Files, tools, and plans for remediating data for migration to ArchivesSpace at Smith.
The scope of the project is as follows:
Data cleanup and processing
- single-level resource records (minor revisions to processor need to be applied) (EAD)
- single-level resource records (cleanup complete) (InMagic resource records)
- multi-level resource records (minor revisions to processor need to be applied) (EAD)
- accession records
- agent records
- top containers (pushed out of scope -- more assessment and planning need to be undertaken)
- reconciliation of subjects (to LCSH, AAT, and TGN) (pushed out of scope)
- merge duplicate names and subjects (pushed out of scope)
- normalization of dates (solution implemented)
Post records to prod
- single-level resource records (EAD and InMagic resource records)
- multi-level resource records (EAD)
- accession records
- agent records
- top containers
- container profiles (in process)
- locations
- classifications
Other
- recommend solutions for item-level archival objects (images, AV, and objects) described out of context from parent collections (pushed out of scope)
- training
MRBC resource data identifiers
SCA alumnae memorial agent data
SSC Young 219 container data sample + JSON mapping
SCA classification data + JSON mapping
SSC subject data + JSON mapping
Specifications for remediating and processing Smith SC EAD may be found here: sc_ead-specifications. To see information about manual updates, etc., check the spreadsheet. Specific decisions by element are below:
Element | Decision | Completed | Priorities |
---|---|---|---|
archdesc @level | For most files, @level="collection". Exception: files that start with mnsss292 -- @level="recordgrp". Files that start with mnsss148s -- @level="series". | ✔ | |
profiledesc/langusage | Replace existing content with "Finding aid written in English." | ✔ | high |
lb | Enter a space where line break tag previously existed. | ✔ | medium |
archdesc/did/unitid | Use unitids in resource spreadsheets. | ✔ | high |
archdesc/did/unittitle | For files with mnsss in filename, replace titles in this field with titles in this document: http://bit.ly/2pAj5dF. Match on EADID. For files with manosca and manoscmr in filename, replace "Records" with "records", "Papers" with "papers", and "Collection" with "collection". | ✔ | |
archdesc/extent | First extent in EAD: numeric character is entered in number field.
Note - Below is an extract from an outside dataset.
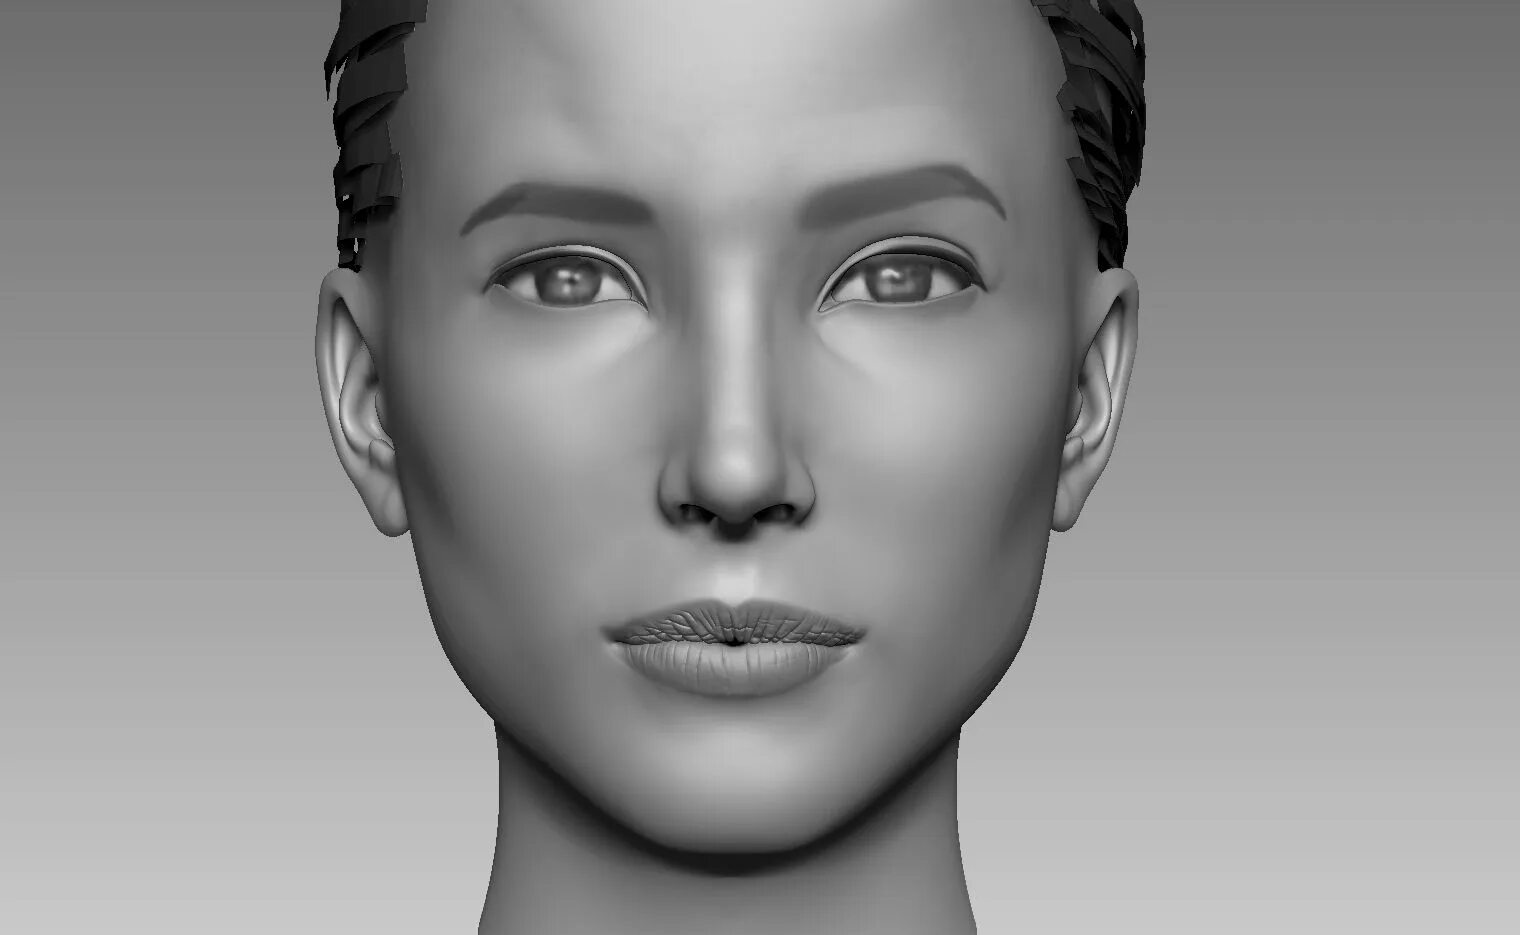 Mesh head 3d model. Збраш 3д. 3д моделирование в Zbrush. Модель лица человека. Модель д е

If first extent's measurement in EAD = boxes, enter boxes in ASpace type. If first extent's measurement in EAD = linear feet / linear ft., enter "Linear Feet" in A Space type. Second extent in EAD is mapped to container summary. | ✔ | |
archdesc/langmaterial | Language subelement is entered, where missing in langmaterial element. | ✔ | low |
archdesc/bioghist/head | Remove head subelement. | ✔ | |
archdesc/scopecontent/head | Remove head subelement. | ✔ | |
archdesc/arrangement/head | Remove head subelement. | ✔ | |
arcdesc/descgrp | Remove descgrp element and retain content inside (accessrestrict, userestrict, processinfo, prefercite, altformavail, acqinfo, accruals, custodhist) | ✔ | high |
bioghist/dao | Remove completely. Generate report of dao links, content, and the EAD ID from which they were pulled. | ✔ | high |
unittitle | Remove trailing commas. | ✔ | high |
unitdate @ type | If there is more than one date or a range of dates in unitdate (e.g. "1897-1902" or "1965, 1967, 1989"), the value in @type should be "inclusive", rather than "single". | ✔ | medium |
unitdate | Where "c.", "c", "ca", or "ca.", change to "circa". | ✔ | high |
unitdate | Where "n.d." or "nd", change to "undated". | ✔ | high |
unitdate | When dates are in parentheses, remove parentheses and retain date information. | ✔ | medium |
unitdate | When dates are in brackets, remove brackets and retain date information. | ✔ | medium |
unitdate | Normalize dates in begin and end date fields so that they follow ISO 8601 formatting, e.g. YYYY-MM-DD. | ✔ | high |
unitdate | Remove duplicate unitdates, created when moving unitdate out of unittitle. | ✔ | high |
did/note | Change to odd element. | ✔ | high |
dsc @type="analyticcover"/c01 | Match c01s in analyticover dsc and in-depth dsc by unittitle. Copy over unittitle, extent, unitdate, arrangement, scopecontent from c01s in analyticover dsc to in-depth c01s. Where multiple unittitle, use unittitle from in-depth dsc. Where multiple, matching (as in equal) extent and unitdate, use extent and unitdate in analyticover dsc. Where multiple, non-matching extent and unitdate, keep both for repeatable extent or date. The unitdates we are likely to come across in both the analyticover and in-depth dsc will either be a range or a range + n.d./single date in a single unitdate. It will always be an expression and not a normalized date. Equal means that the expression is identical. | ✔ | high |
dsc/c/unittitle | Introduce sentence case formatting for series-level components (c01). | WontFix | low |
dsc/c @level | For c02-cN (i.e. all but c01), change @level value from "unspecified" to "file". | ✔ | high |
dsc/c/did/container | For c02-cN (i.e. all but c01), change @label value from "unspecified" to "mixed materials". | ✔ | high |
c/did/note | Change note subelement to odd and move out of did element. Remove @href or @target and leave content of the note. | ✔ | medium |
ref @target | Remove all ref subelements but leave content. Ref subelements will be found in dsc/c/odd and archdesc/arrangement. | ✔ | medium |
archdesc/index | Pull out content from index and save as text file. Retain EADID for later integration. | ✔ | medium |
archdesc/odd | Pull out appendix content from odd and save as text file. Retain EADID for later integration. | ✔ | medium |